• [Task input]
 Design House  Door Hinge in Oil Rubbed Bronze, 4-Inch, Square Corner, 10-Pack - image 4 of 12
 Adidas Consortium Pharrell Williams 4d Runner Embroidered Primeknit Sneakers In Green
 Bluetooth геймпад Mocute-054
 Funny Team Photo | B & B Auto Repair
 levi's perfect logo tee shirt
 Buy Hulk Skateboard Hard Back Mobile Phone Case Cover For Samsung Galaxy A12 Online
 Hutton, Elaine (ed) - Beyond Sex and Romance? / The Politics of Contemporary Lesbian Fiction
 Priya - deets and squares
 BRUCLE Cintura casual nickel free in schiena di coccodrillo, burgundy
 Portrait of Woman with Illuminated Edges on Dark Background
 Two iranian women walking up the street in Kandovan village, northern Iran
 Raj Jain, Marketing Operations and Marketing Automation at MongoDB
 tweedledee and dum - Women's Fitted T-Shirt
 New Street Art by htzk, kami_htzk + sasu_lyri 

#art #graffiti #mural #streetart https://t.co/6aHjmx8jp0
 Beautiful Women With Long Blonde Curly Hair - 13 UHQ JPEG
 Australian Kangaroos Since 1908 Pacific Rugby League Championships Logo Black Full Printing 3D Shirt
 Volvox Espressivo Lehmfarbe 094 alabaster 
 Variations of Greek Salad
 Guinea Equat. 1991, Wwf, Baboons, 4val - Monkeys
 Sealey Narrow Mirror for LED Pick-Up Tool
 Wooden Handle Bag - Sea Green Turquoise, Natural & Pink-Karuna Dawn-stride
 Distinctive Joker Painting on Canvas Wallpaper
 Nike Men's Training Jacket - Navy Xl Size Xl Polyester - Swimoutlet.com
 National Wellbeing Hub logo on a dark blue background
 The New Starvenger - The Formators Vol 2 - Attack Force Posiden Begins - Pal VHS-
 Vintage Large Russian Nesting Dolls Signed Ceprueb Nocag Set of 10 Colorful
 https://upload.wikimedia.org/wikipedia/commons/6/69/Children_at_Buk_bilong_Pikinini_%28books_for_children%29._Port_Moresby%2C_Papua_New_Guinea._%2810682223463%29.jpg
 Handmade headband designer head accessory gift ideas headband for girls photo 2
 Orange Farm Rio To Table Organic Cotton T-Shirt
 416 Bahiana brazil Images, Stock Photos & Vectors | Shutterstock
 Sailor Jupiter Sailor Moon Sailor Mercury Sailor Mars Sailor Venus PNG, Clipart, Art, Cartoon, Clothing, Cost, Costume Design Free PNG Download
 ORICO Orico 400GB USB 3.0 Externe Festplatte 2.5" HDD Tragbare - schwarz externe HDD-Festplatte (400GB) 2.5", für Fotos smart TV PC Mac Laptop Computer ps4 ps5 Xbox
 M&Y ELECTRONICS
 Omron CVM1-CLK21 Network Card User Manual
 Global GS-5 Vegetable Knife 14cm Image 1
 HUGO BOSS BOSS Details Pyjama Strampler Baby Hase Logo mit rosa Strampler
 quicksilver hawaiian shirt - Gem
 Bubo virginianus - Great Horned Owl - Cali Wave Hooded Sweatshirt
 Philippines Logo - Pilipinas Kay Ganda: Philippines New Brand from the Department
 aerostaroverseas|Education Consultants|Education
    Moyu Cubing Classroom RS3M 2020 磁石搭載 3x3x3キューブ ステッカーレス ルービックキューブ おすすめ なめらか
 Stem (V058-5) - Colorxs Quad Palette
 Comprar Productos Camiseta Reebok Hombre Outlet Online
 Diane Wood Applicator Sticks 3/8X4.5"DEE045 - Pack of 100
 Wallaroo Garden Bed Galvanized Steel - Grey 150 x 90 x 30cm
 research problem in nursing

• [Action item]
In the entries above, find the line with "Volvox Espressivo Lehmfarbe 094 alabaster" and the line with "Vintage Large Russian", then restate word for word both of them and every line between, with nothing more.

• [Reply]
 Volvox Espressivo Lehmfarbe 094 alabaster 
 Variations of Greek Salad
 Guinea Equat. 1991, Wwf, Baboons, 4val - Monkeys
 Sealey Narrow Mirror for LED Pick-Up Tool
 Wooden Handle Bag - Sea Green Turquoise, Natural & Pink-Karuna Dawn-stride
 Distinctive Joker Painting on Canvas Wallpaper
 Nike Men's Training Jacket - Navy Xl Size Xl Polyester - Swimoutlet.com
 National Wellbeing Hub logo on a dark blue background
 The New Starvenger - The Formators Vol 2 - Attack Force Posiden Begins - Pal VHS-
 Vintage Large Russian Nesting Dolls Signed Ceprueb Nocag Set of 10 Colorful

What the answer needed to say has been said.